> [Collected data]
>>>>>

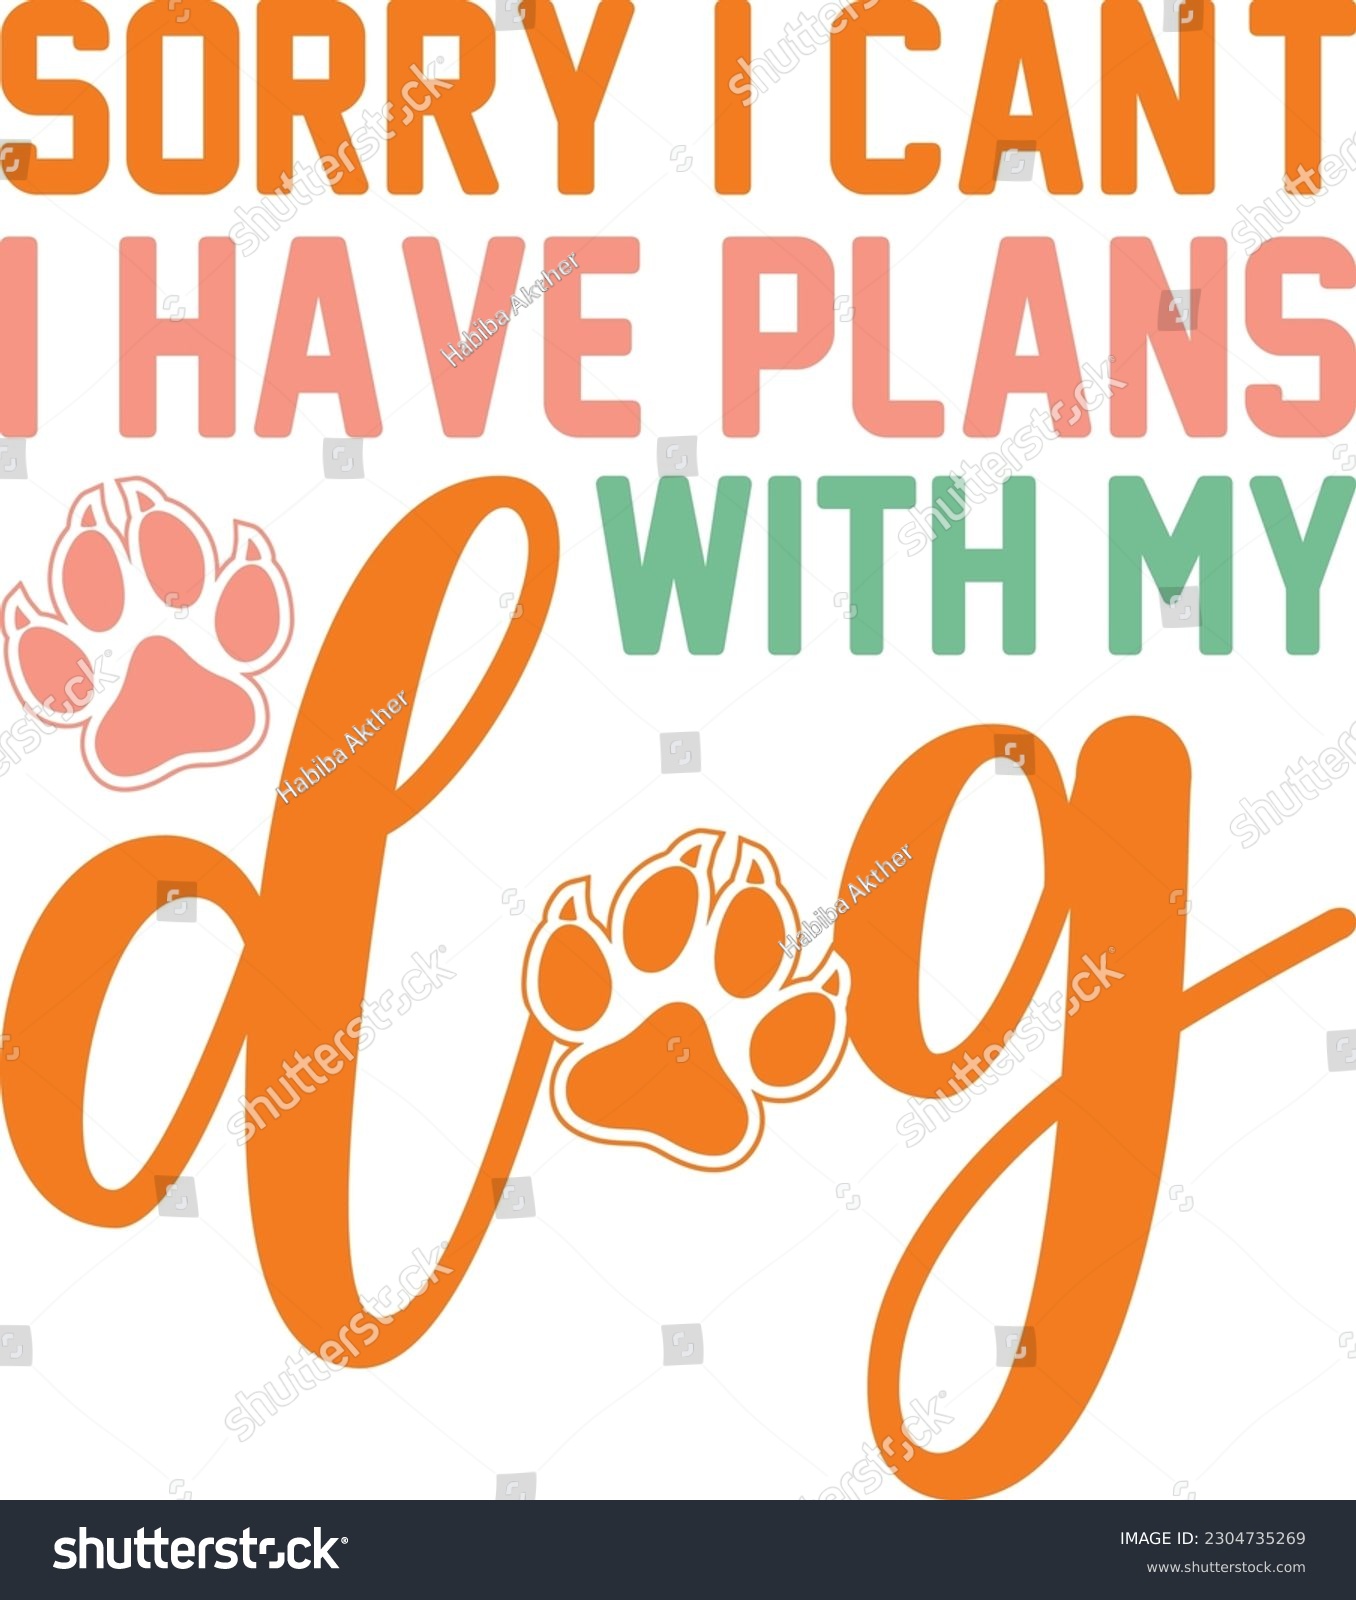 SVG of Sorry I can't I have plans with my dog,Dog mom,Puppy Love,Dog Mom Svg,Dog SVG,Silhouette,Dog Owner Svg, Funny Svg, Fur Mom Shirt Svg,Wine,Dog Mama,Dog Heart,Dog Paw,Eps,Labrador Svg,Pet Svg,Vector, svg
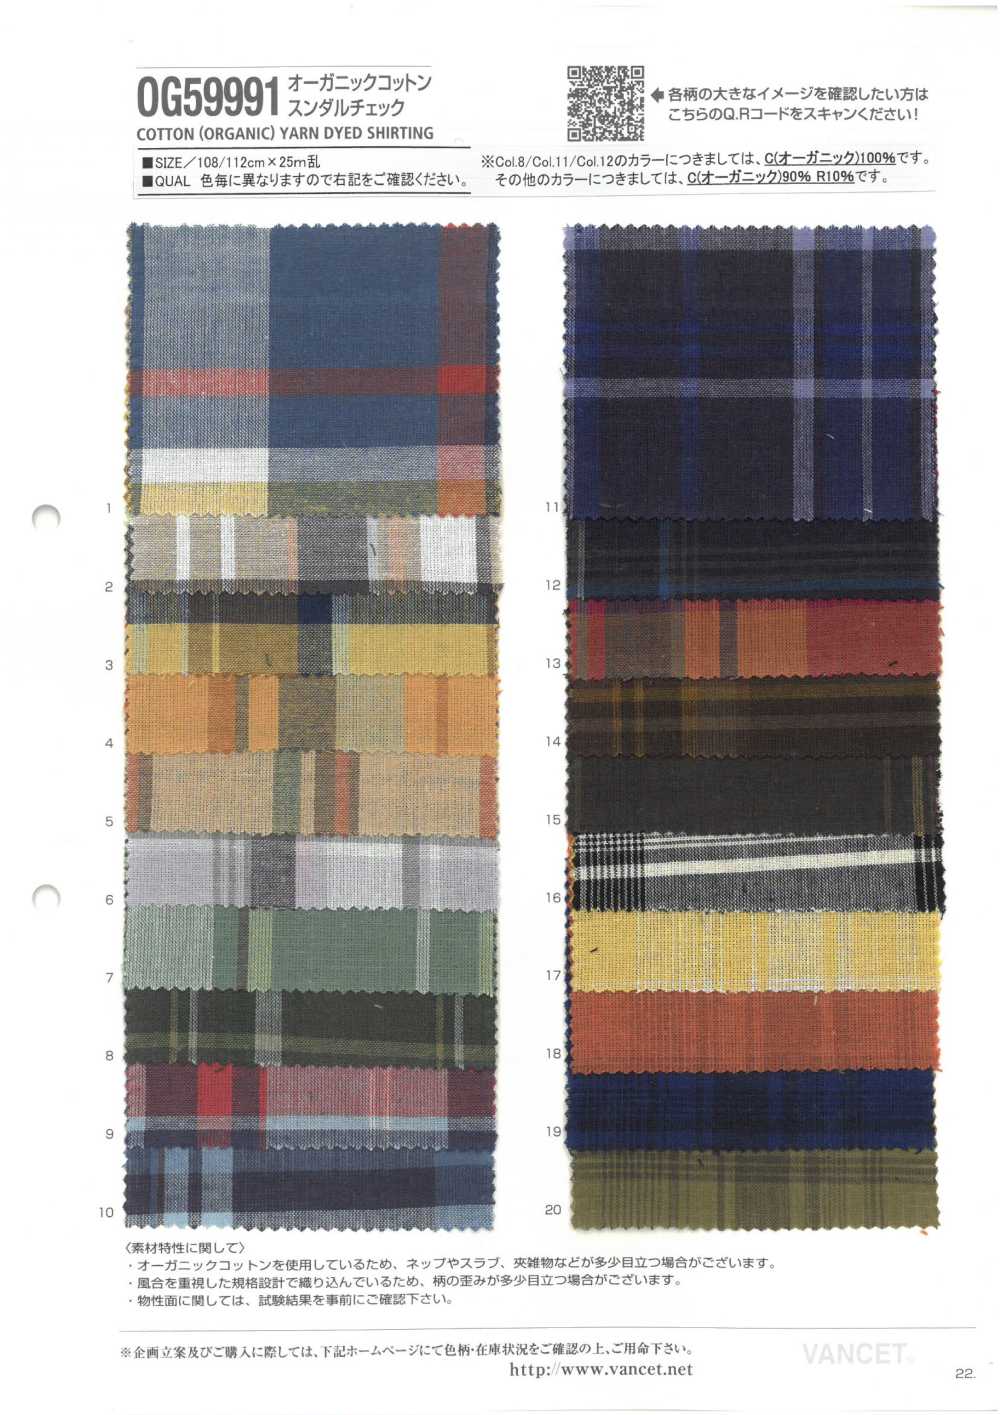 OG59991 Carreaux Sundar En Coton Biologique[Fabrication De Textile] VANCET
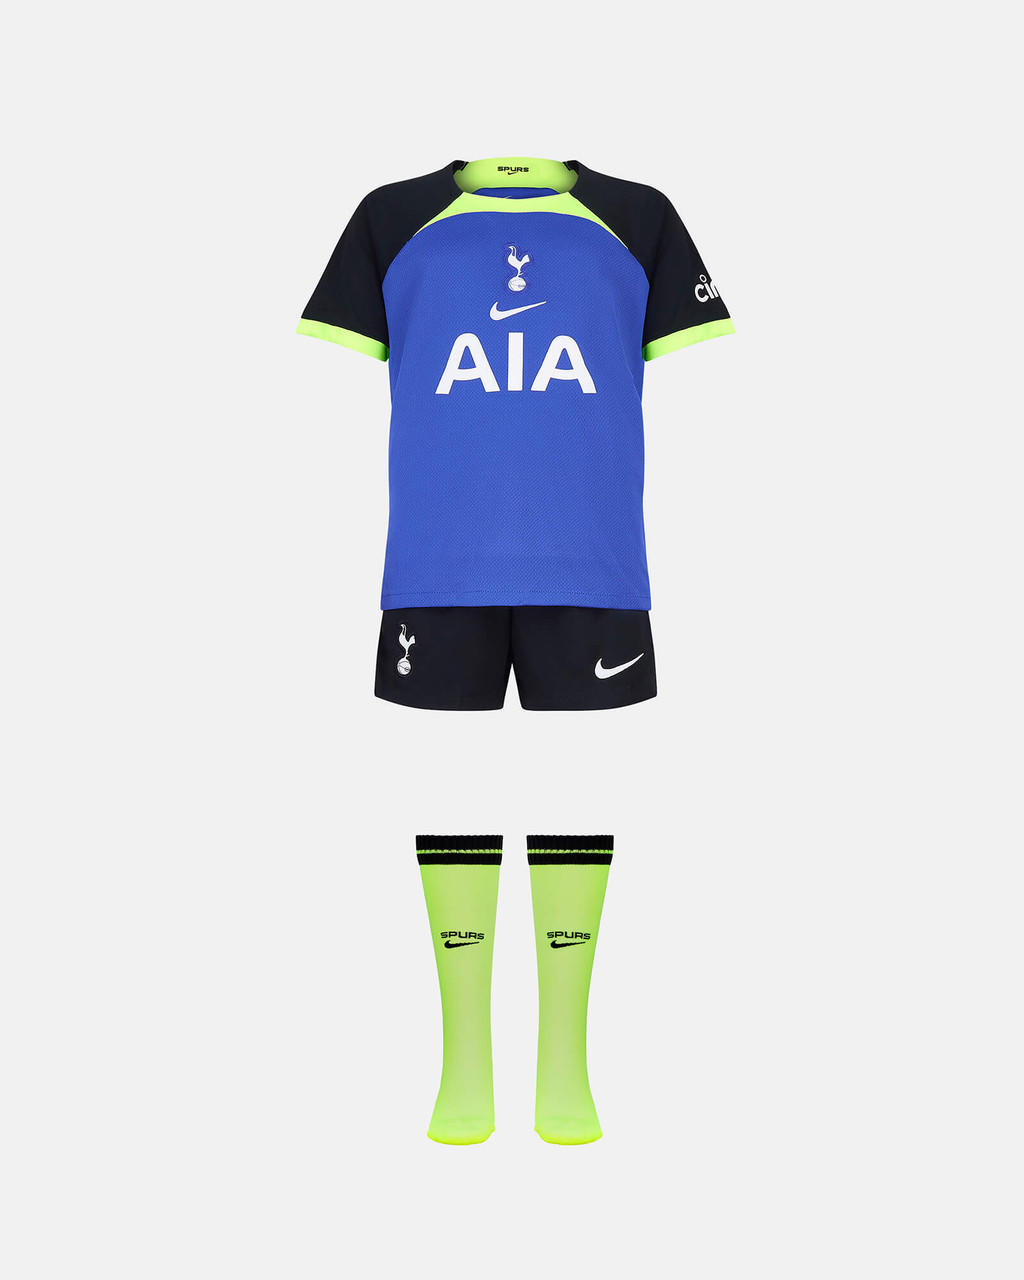 Spurs Little Kids Tottenham Hotspur Away Kit 2022/23 
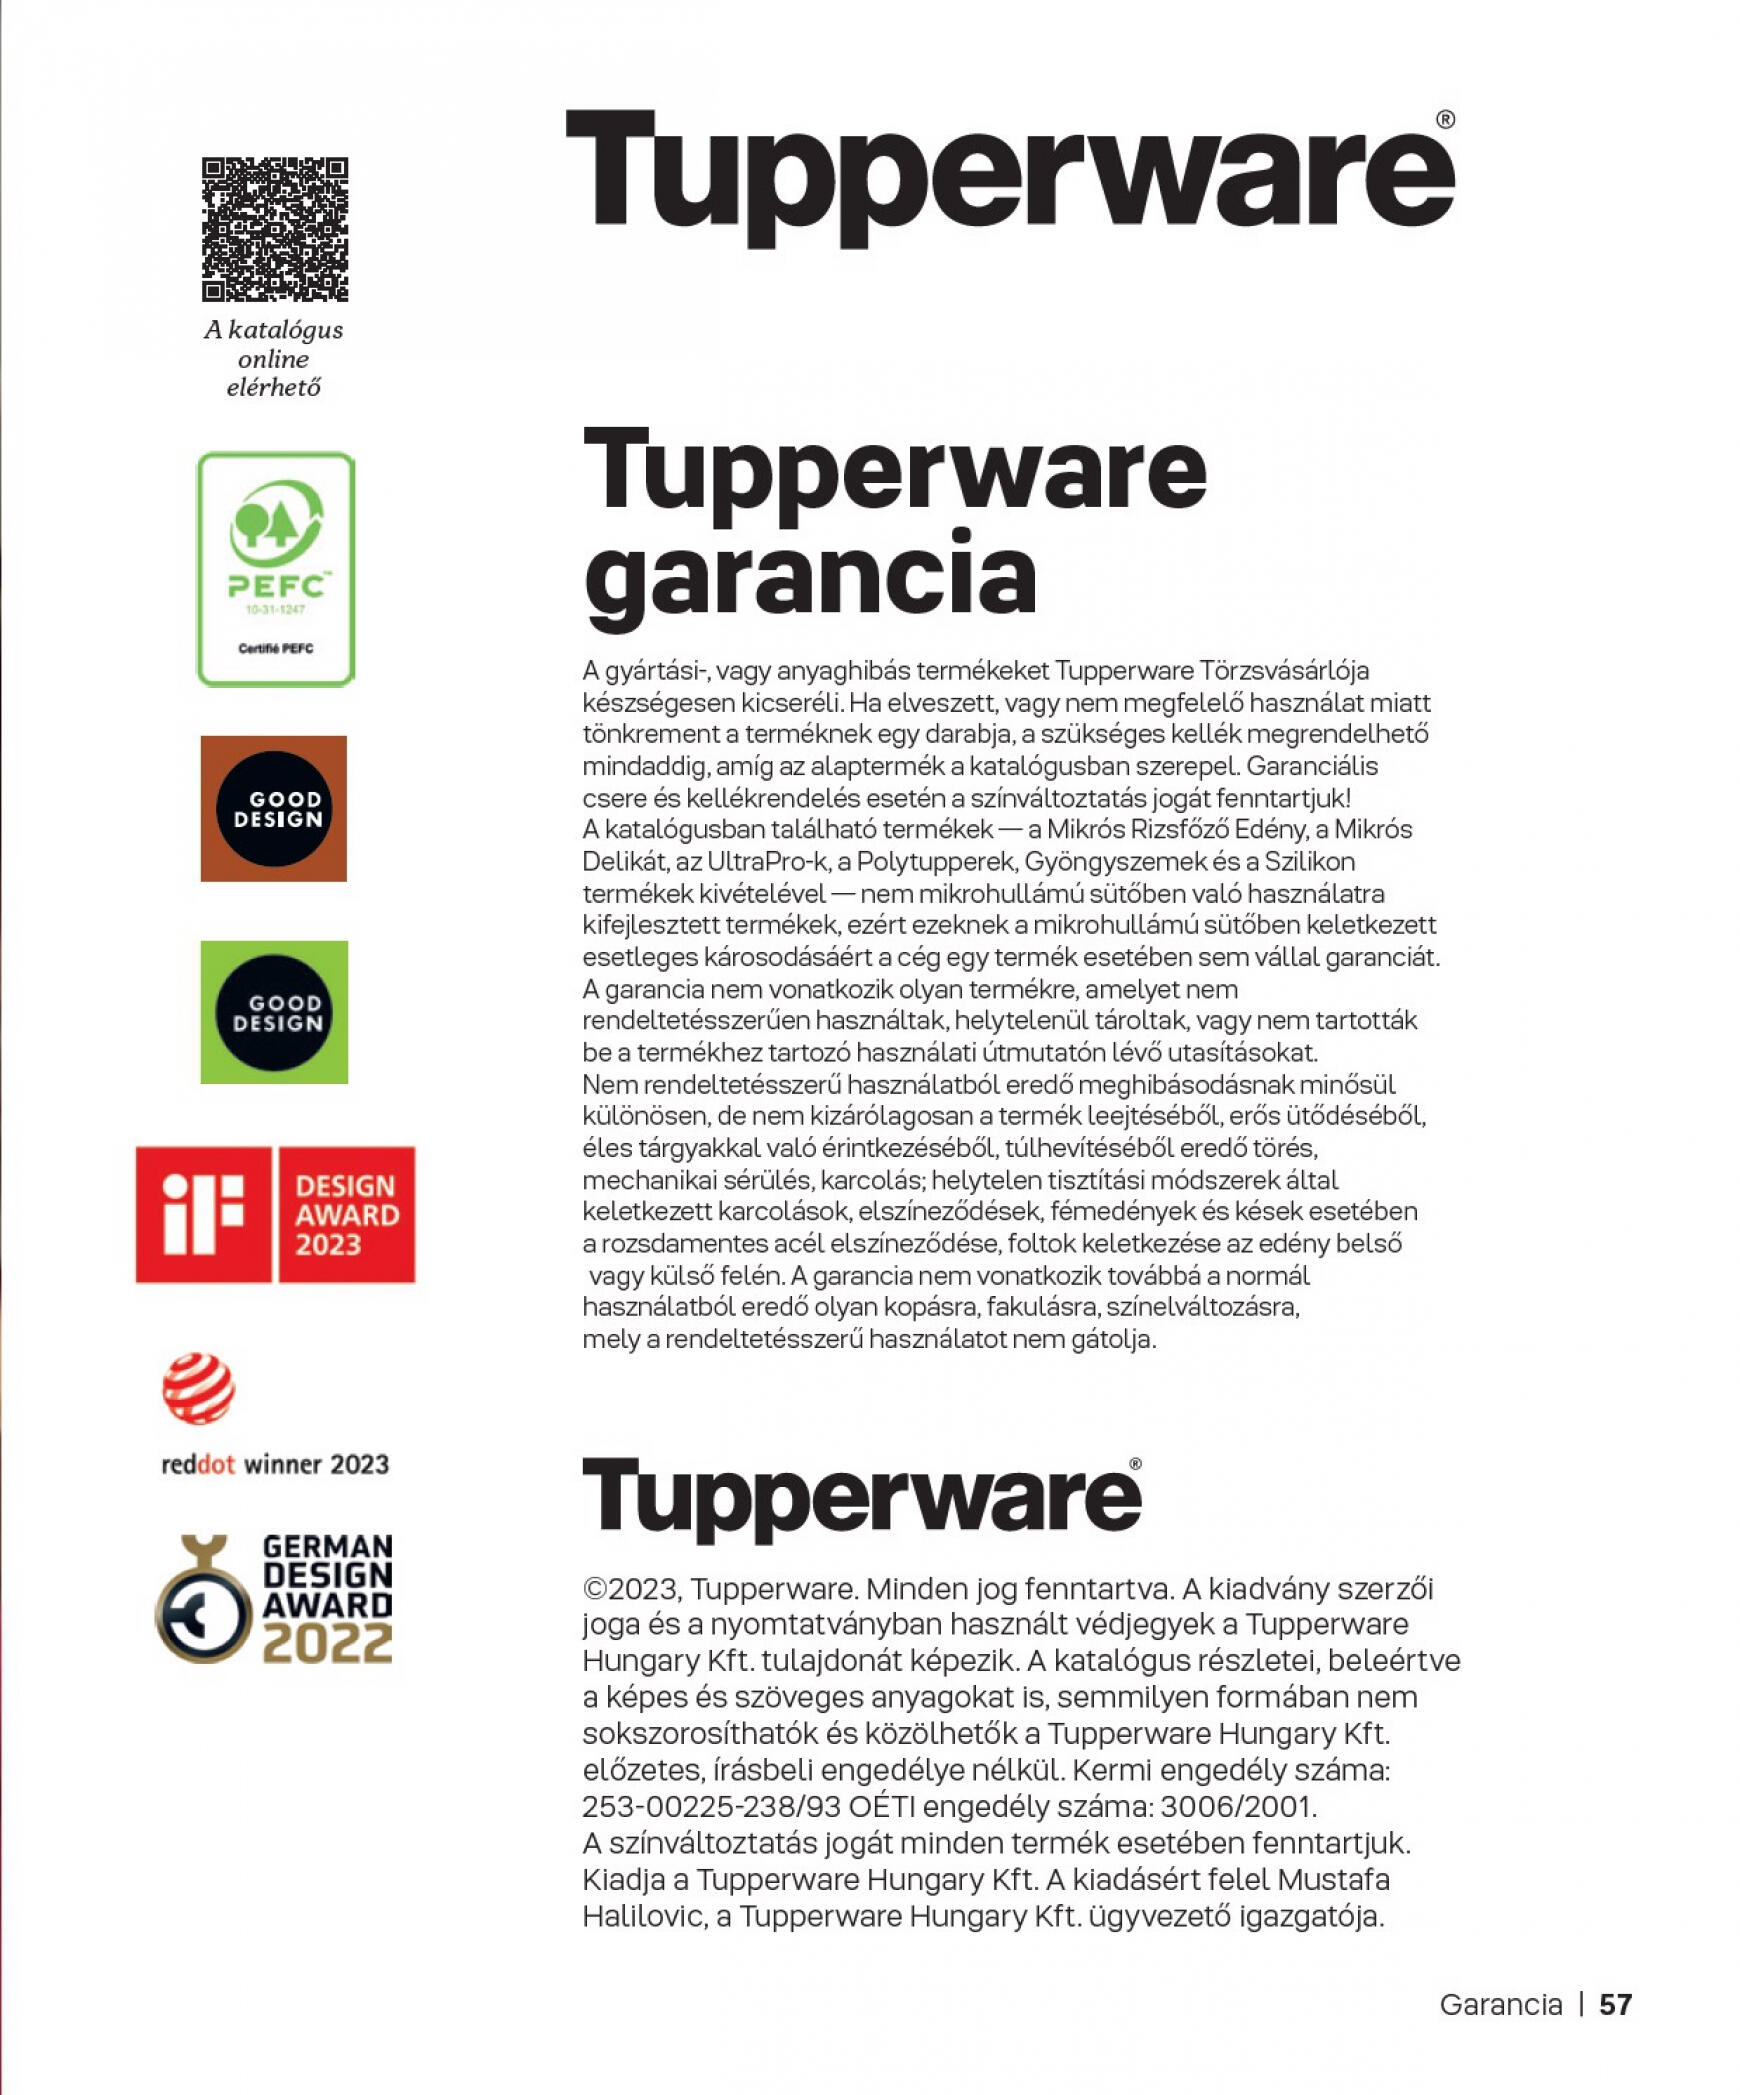 tupperware - Tupperware - ŐSZI & TÉLI KATALÓGUS 2023/24 dátumtól érvényes 2023.11.27. - page: 57

<<<<<

> [Task details]
Return the full set of lines above word for word and with no pictures.

> [Solution]
 SVG of Sorry I can't I have plans with my dog,Dog mom,Puppy Love,Dog Mom Svg,Dog SVG,Silhouette,Dog Owner Svg, Funny Svg, Fur Mom Shirt Svg,Wine,Dog Mama,Dog Heart,Dog Paw,Eps,Labrador Svg,Pet Svg,Vector, svg
 OG59991 Carreaux Sundar En Coton Biologique[Fabrication De Textile] VANCET
 Spurs Little Kids Tottenham Hotspur Away Kit 2022/23 
 tupperware - Tupperware - ŐSZI & TÉLI KATALÓGUS 2023/24 dátumtól érvényes 2023.11.27. - page: 57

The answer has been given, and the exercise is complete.